Dataset entries:
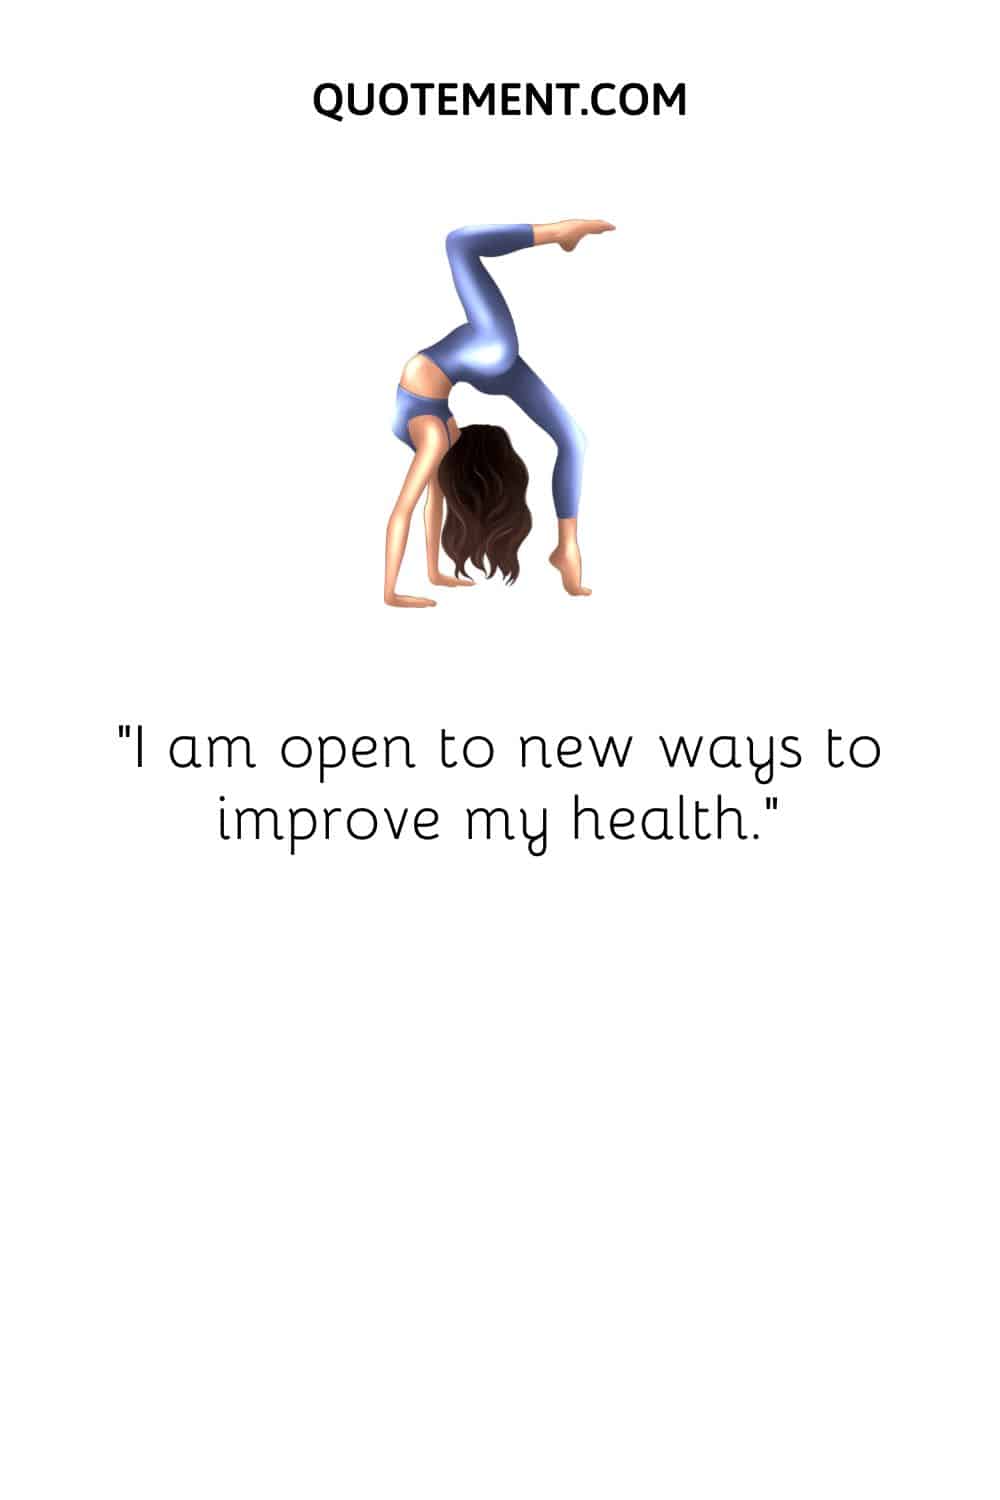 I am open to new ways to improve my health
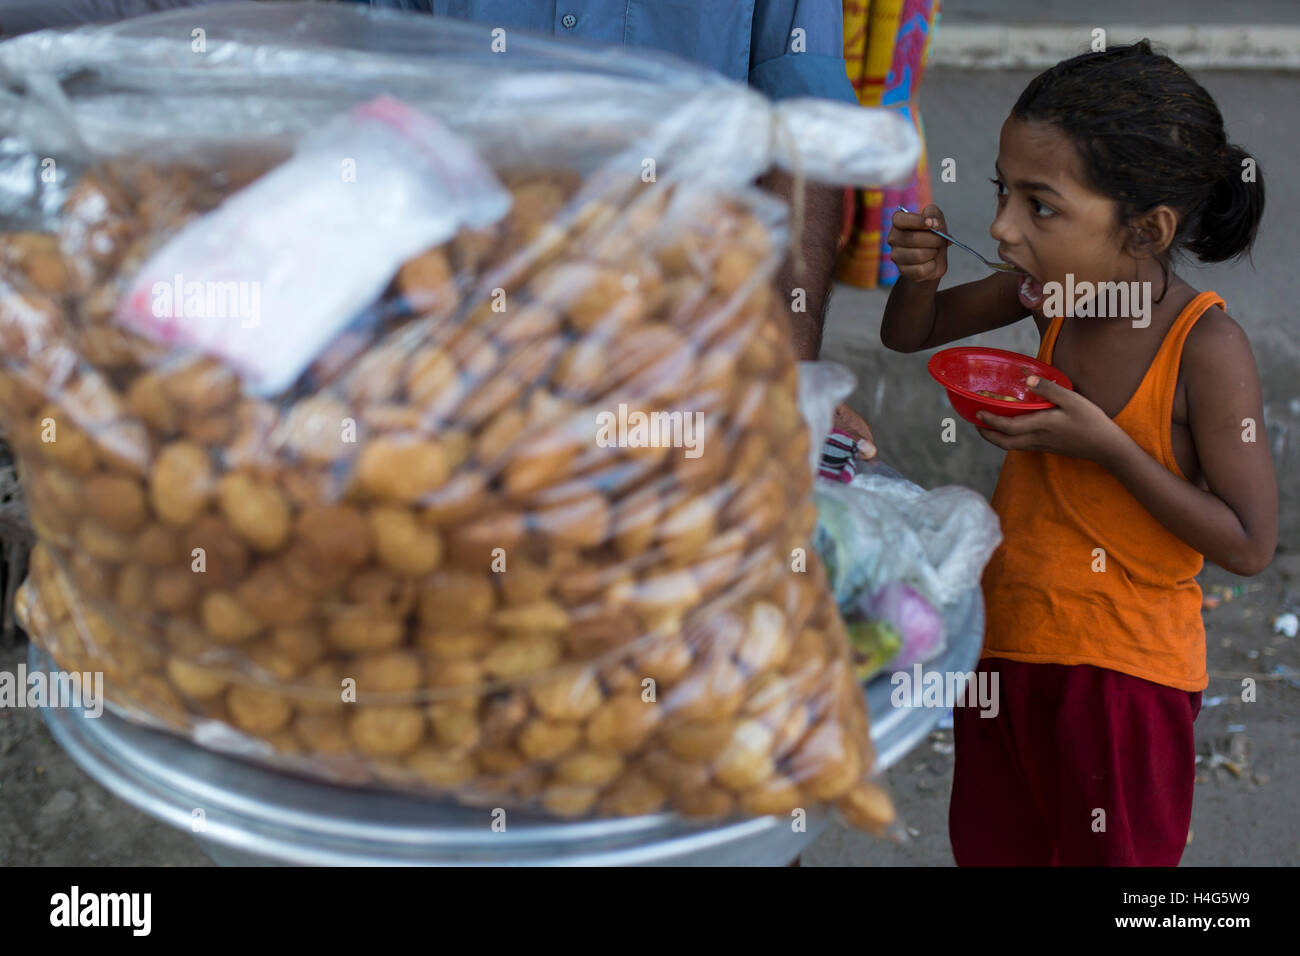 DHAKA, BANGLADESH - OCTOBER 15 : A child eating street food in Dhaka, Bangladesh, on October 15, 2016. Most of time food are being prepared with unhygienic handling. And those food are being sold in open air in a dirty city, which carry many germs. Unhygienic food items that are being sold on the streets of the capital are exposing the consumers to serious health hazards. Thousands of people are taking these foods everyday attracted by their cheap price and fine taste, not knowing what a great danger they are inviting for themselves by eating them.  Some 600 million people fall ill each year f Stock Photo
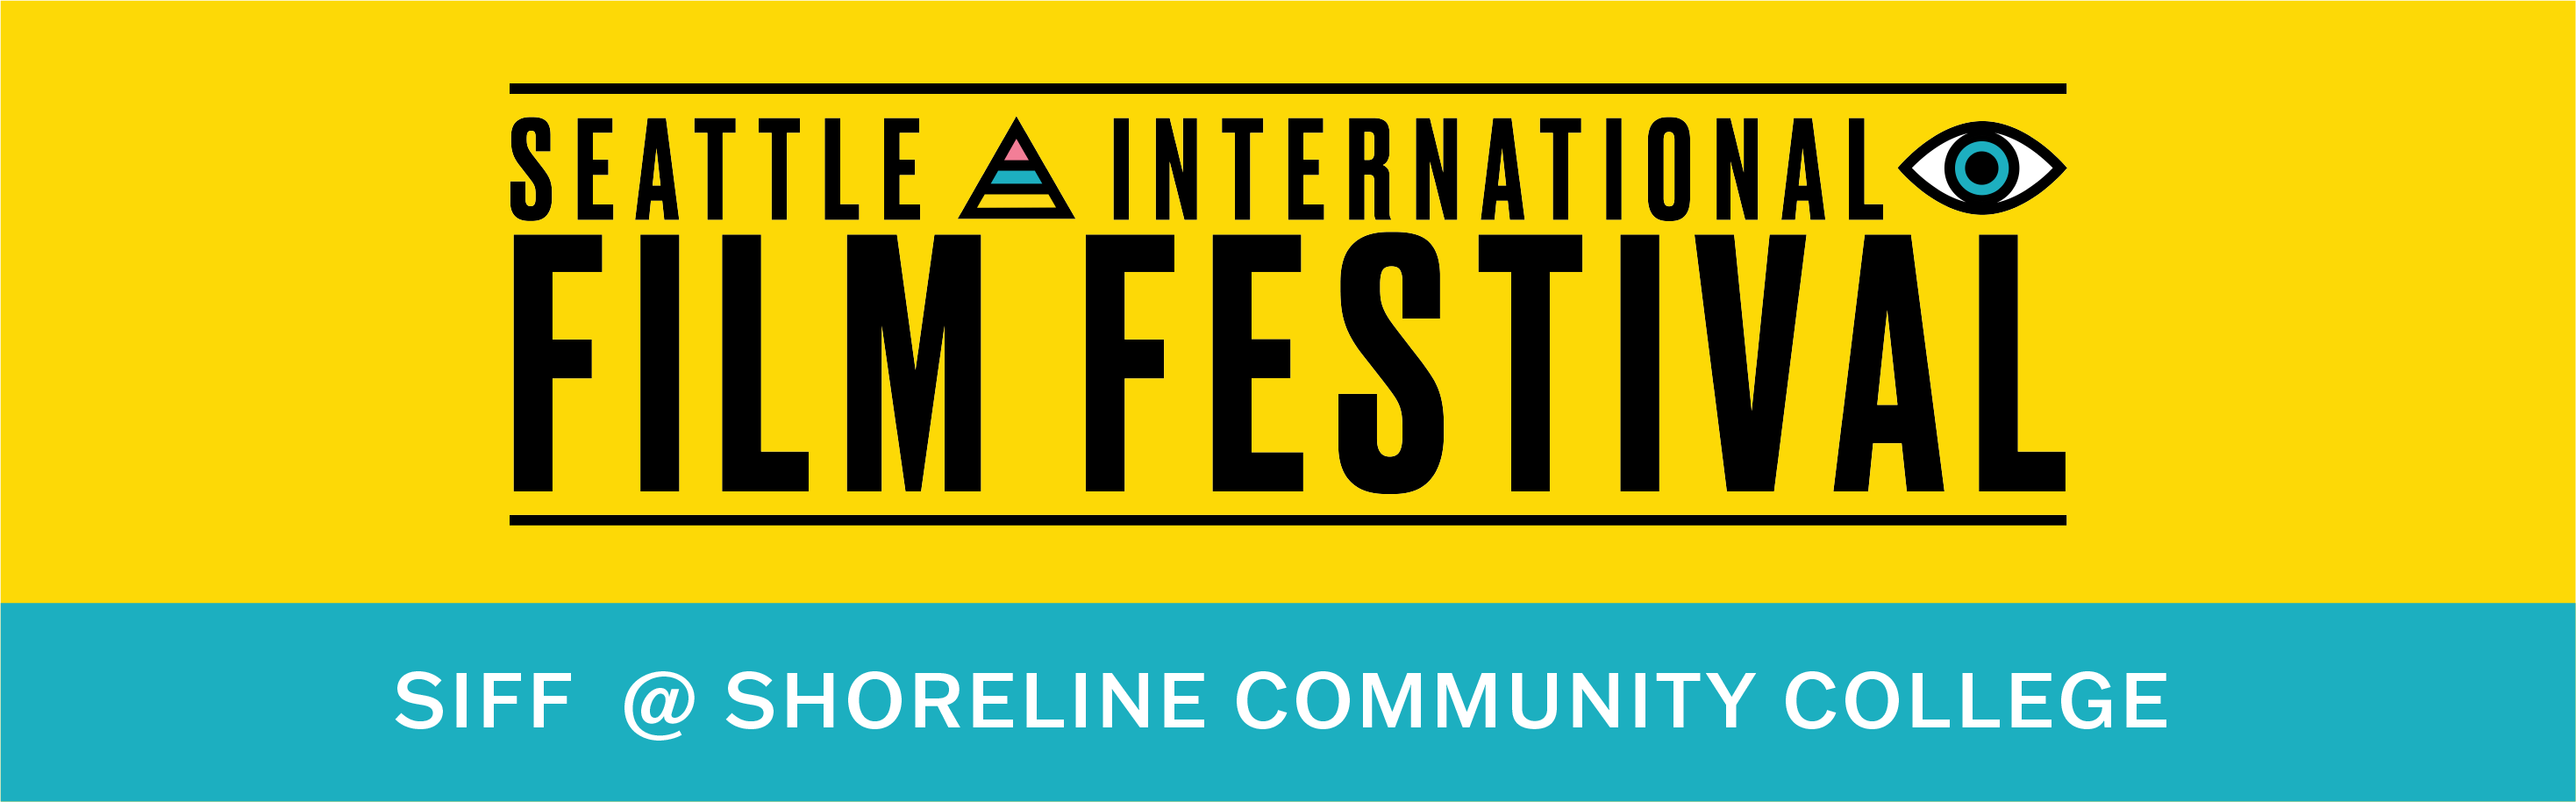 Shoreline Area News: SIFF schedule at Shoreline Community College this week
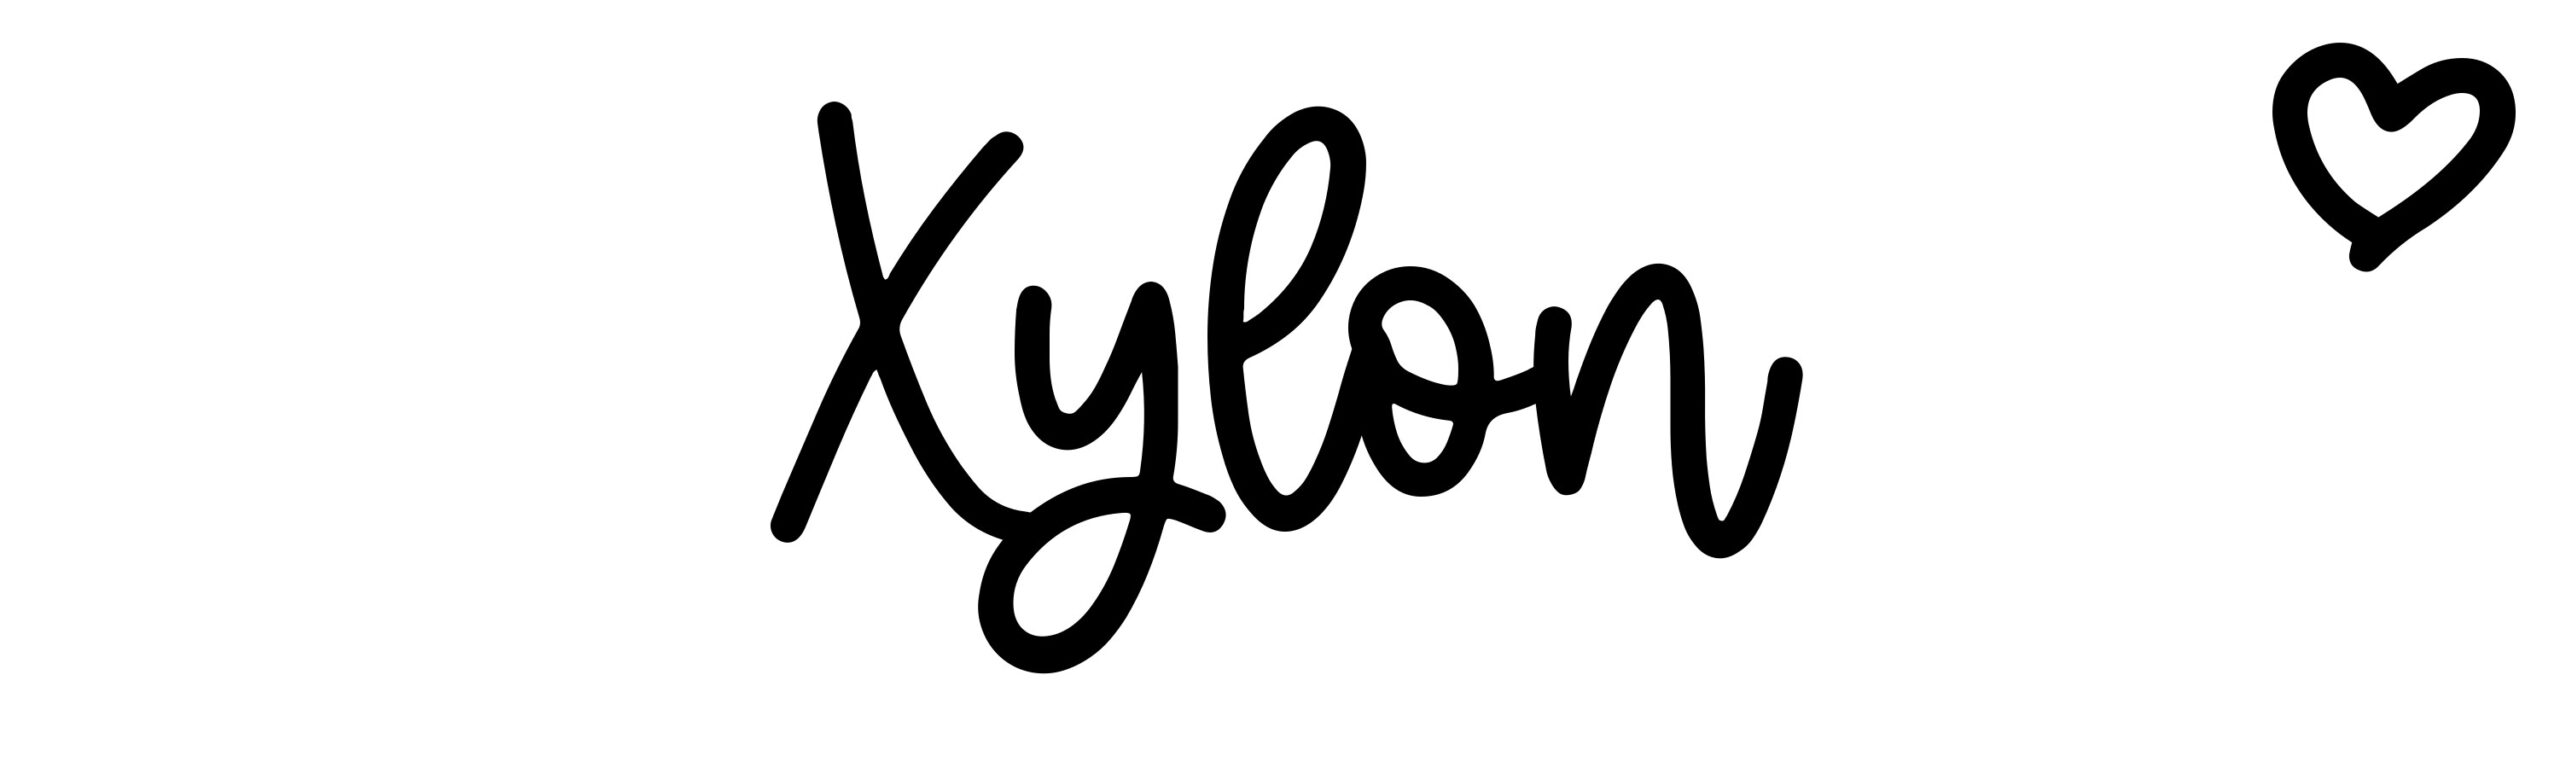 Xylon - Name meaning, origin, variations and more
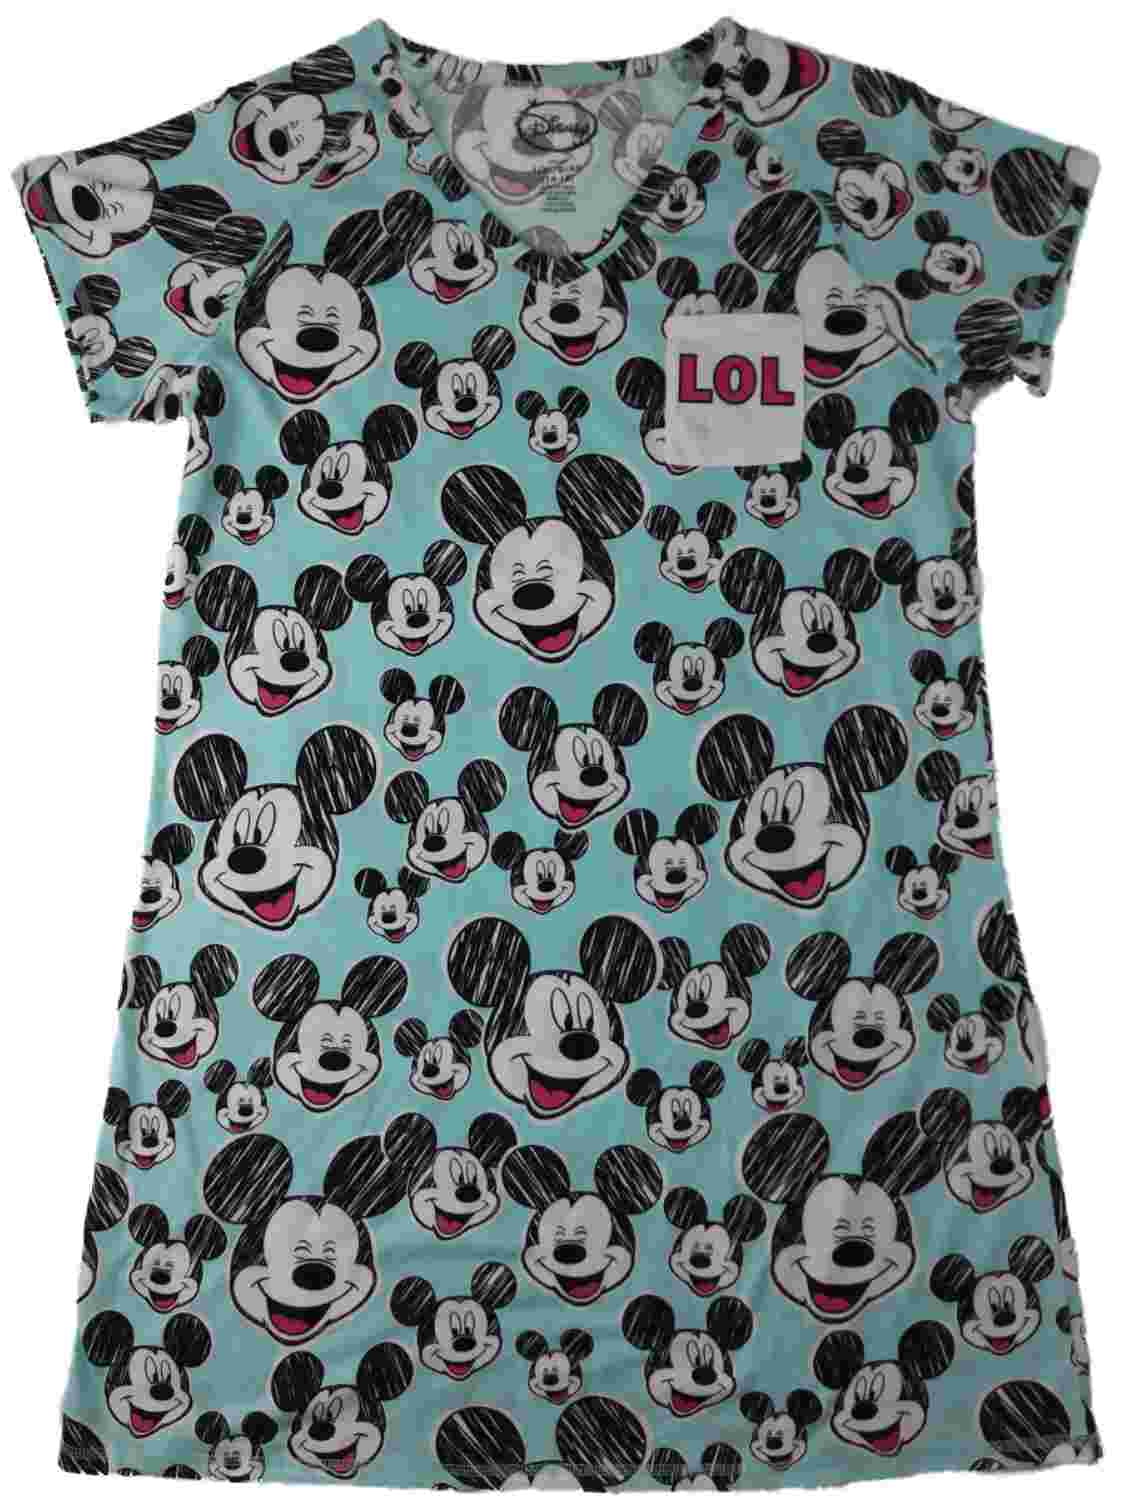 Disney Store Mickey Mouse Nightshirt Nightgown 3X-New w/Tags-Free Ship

*Your assignment*: Repeat each entry above exactly. Omit the pictures.

*Response area*:
 I am open to new ways to improve my health
 DHAKA, BANGLADESH - OCTOBER 15 : A child eating street food in Dhaka, Bangladesh, on October 15, 2016. Most of time food are being prepared with unhygienic handling. And those food are being sold in open air in a dirty city, which carry many germs. Unhygienic food items that are being sold on the streets of the capital are exposing the consumers to serious health hazards. Thousands of people are taking these foods everyday attracted by their cheap price and fine taste, not knowing what a great danger they are inviting for themselves by eating them.  Some 600 million people fall ill each year f Stock Photo
 Shoreline Area News: SIFF schedule at Shoreline Community College this week
 Xylon - Name meaning, origin, variations and more
 Disney Store Mickey Mouse Nightshirt Nightgown 3X-New w/Tags-Free Ship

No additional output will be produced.